Элиас

Тейт и Джен простились в аэропорту. К тому времени Джен уже не на шутку беспокоилась за безопасность Тейта и на нас с Брей поглядывала хмуро и осуждающе. С Тейта она взяла твердое обещание постоянно ей звонить. Но ее страхи касались не только нас. Джен тревожило, как все обернется, когда Тейт приедет в Корпус-Кристи. В ее глазах Кейлеб был ничуть не лучше нас.

Я восторгался Джен. Они с Тейтом были потрясающей парой, созданной друг для друга. И чем тяжелее становились мои отношения с Брей, тем больше я им завидовал. Как мне хотелось, чтобы мы оказались на их месте! Свободные, думающие только друг о друге. И если бы Брей вдруг захотелось меня отдубасить, я был бы очень рад. Я бы согласился на что угодно вместо того, через что мы проходили сейчас.

Пропустив утро, мы выехали в час дня и к семи вечера добрались до Батон-Руж. Мы едва приблизились к небольшому мотелю, как у машины спустило колесо. Раздался громкий хлопок, похожий на звук выстрела.

– Займись колесом, а я позвоню Рокки, – сказал брату Тейт.

– Зачем это ты собираешься ему звонить? – удивился Кейлеб.

– Затем, что сейчас мы должны уже были бы въезжать в Корпус-Кристи. Нужно сообщить ему о задержке.

Кейлеб достал из багажника запасное колесо.

Тейт заказал два номера и отдал мне ключ.

– Я запишу это в счет твоего долга, – усмехнулся он.

– И на сколько уже тянет мой долг? – в шутку спросил я. – Наверняка не меньше чем на восемьсот баксов.

– Не волнуйся, старик. Проценты я тоже учту, – пообещал Тейт. – Когда выберемся из Корпус-Кристи, все точно посчитаю.

– Приятно слышать, – бросил я ему вслед.

Все номера имели отдельный выход во двор, и это было удобнее, поскольку внутри мотель представлял собой лабиринт коридоров. Ключ был настоящим, металлическим, что говорило о возрасте мотеля. У нас с братьями были соседние номера. Брей наконец вылезла из джипа, чтобы не мешать Кейлебу менять колесо.

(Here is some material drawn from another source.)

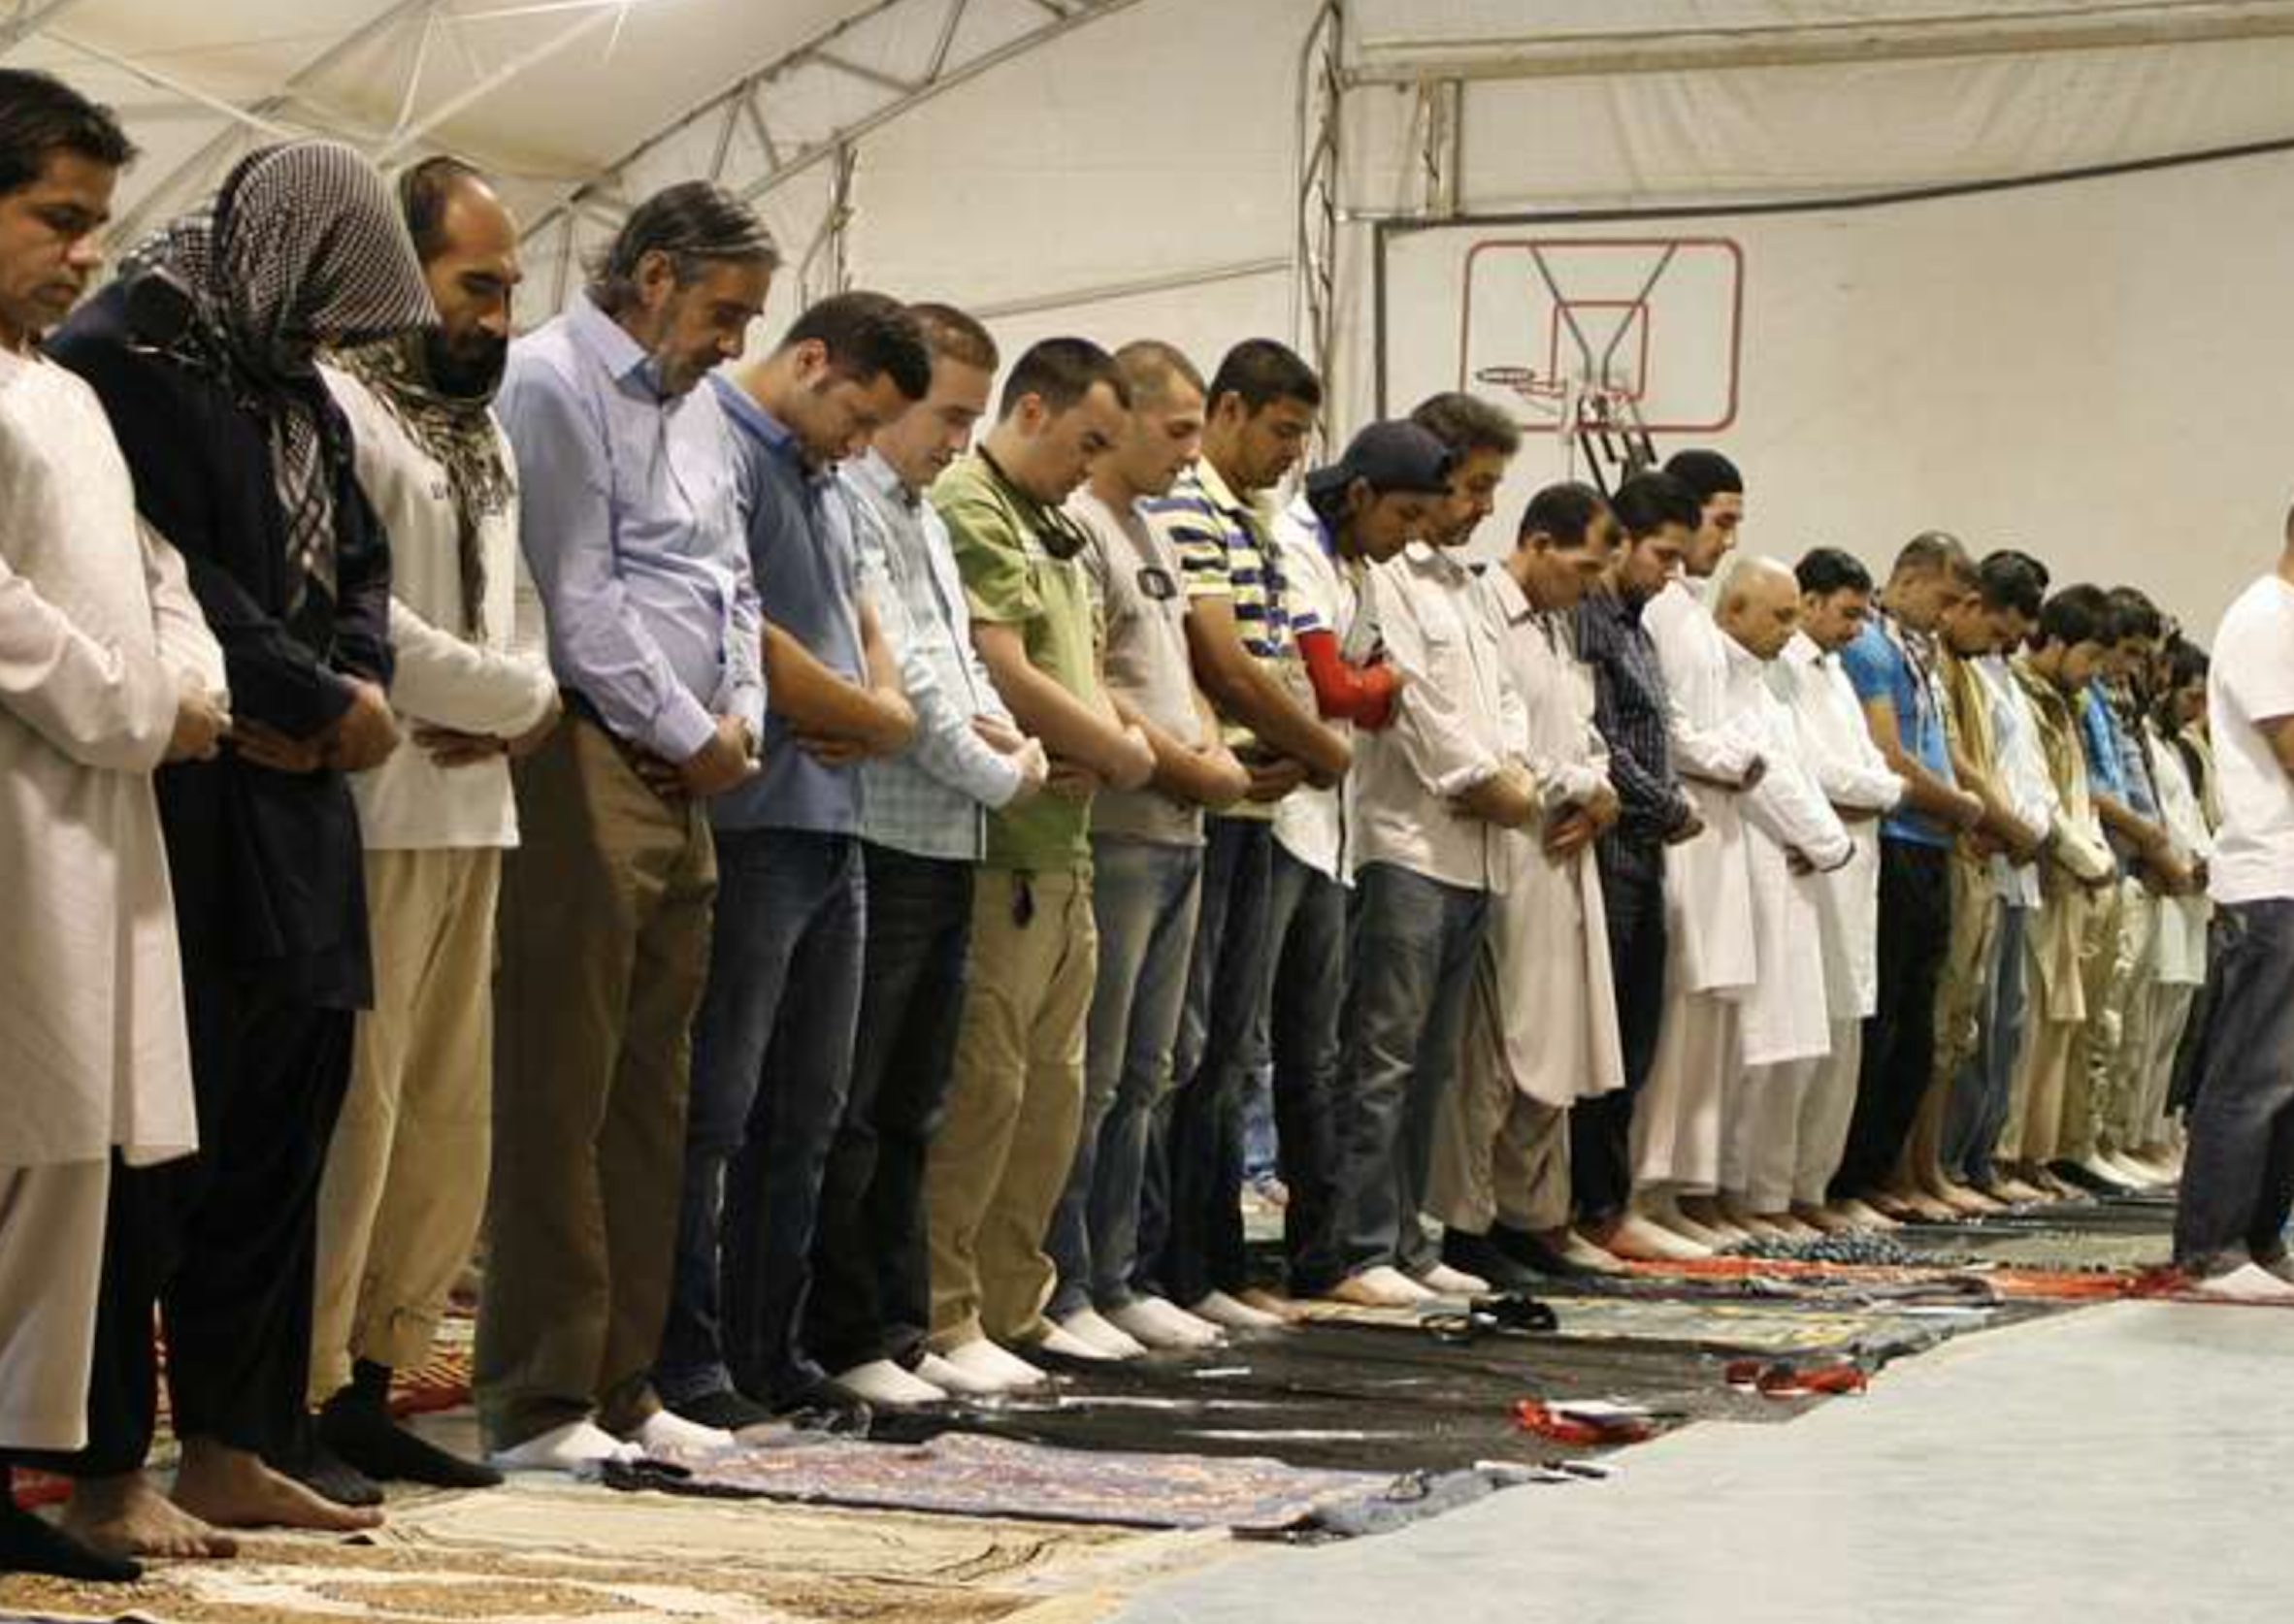 Coalition service members and civilian contractors participate in an Eid al-Fitr ceremony

– Я иду в душ, – сказал я ей. – Пошли вместе?

Она слегка улыбнулась и обхватила свои плечи, словно ей холодно. На самом деле вечер был жарким и влажным.

– Ты иди, а я потом, – сказала она.

Я понимал, с чем это связано. Брей уже пыталась отдалиться от меня. Подготавливала к расставанию. Я до сих пор не задумывался о том, как мы проведем три оставшихся дня, но мне не хотелось с ней спорить.

Я вошел в номер. Брей осталась возле машины и Кейлеба, менявшего колесо.

Брей

Я утаила от Элиаса, что подслушала их разговор с Тейтом. Так я узнала, что Кейлеб сидел за изнасилование, которого не совершал. Заднее крыльцо находилось рядом с кабинетом, и через приоткрытую форточку я все слышала. Тейт говорил, что Элиас обязательно должен убедить меня сдаться полиции. Его совет был совершенно правильным, но я понимала, что давным-давно перешла черту. Я сознавала безнадежность своего положения. Паршивее всего было то, что я втравила в эту историю единственного человека, который по-настоящему меня любил. Но он вместе со мной шлепал по этой жизненной грязи и никуда уходить не собирался. Никакие мои слова и поступки не действовали на его решение оставаться со мной до конца. Я любила его за это и злилась на него. Странная это была злость; злость от сознания, что он меня любит, а я ломаю ему жизнь.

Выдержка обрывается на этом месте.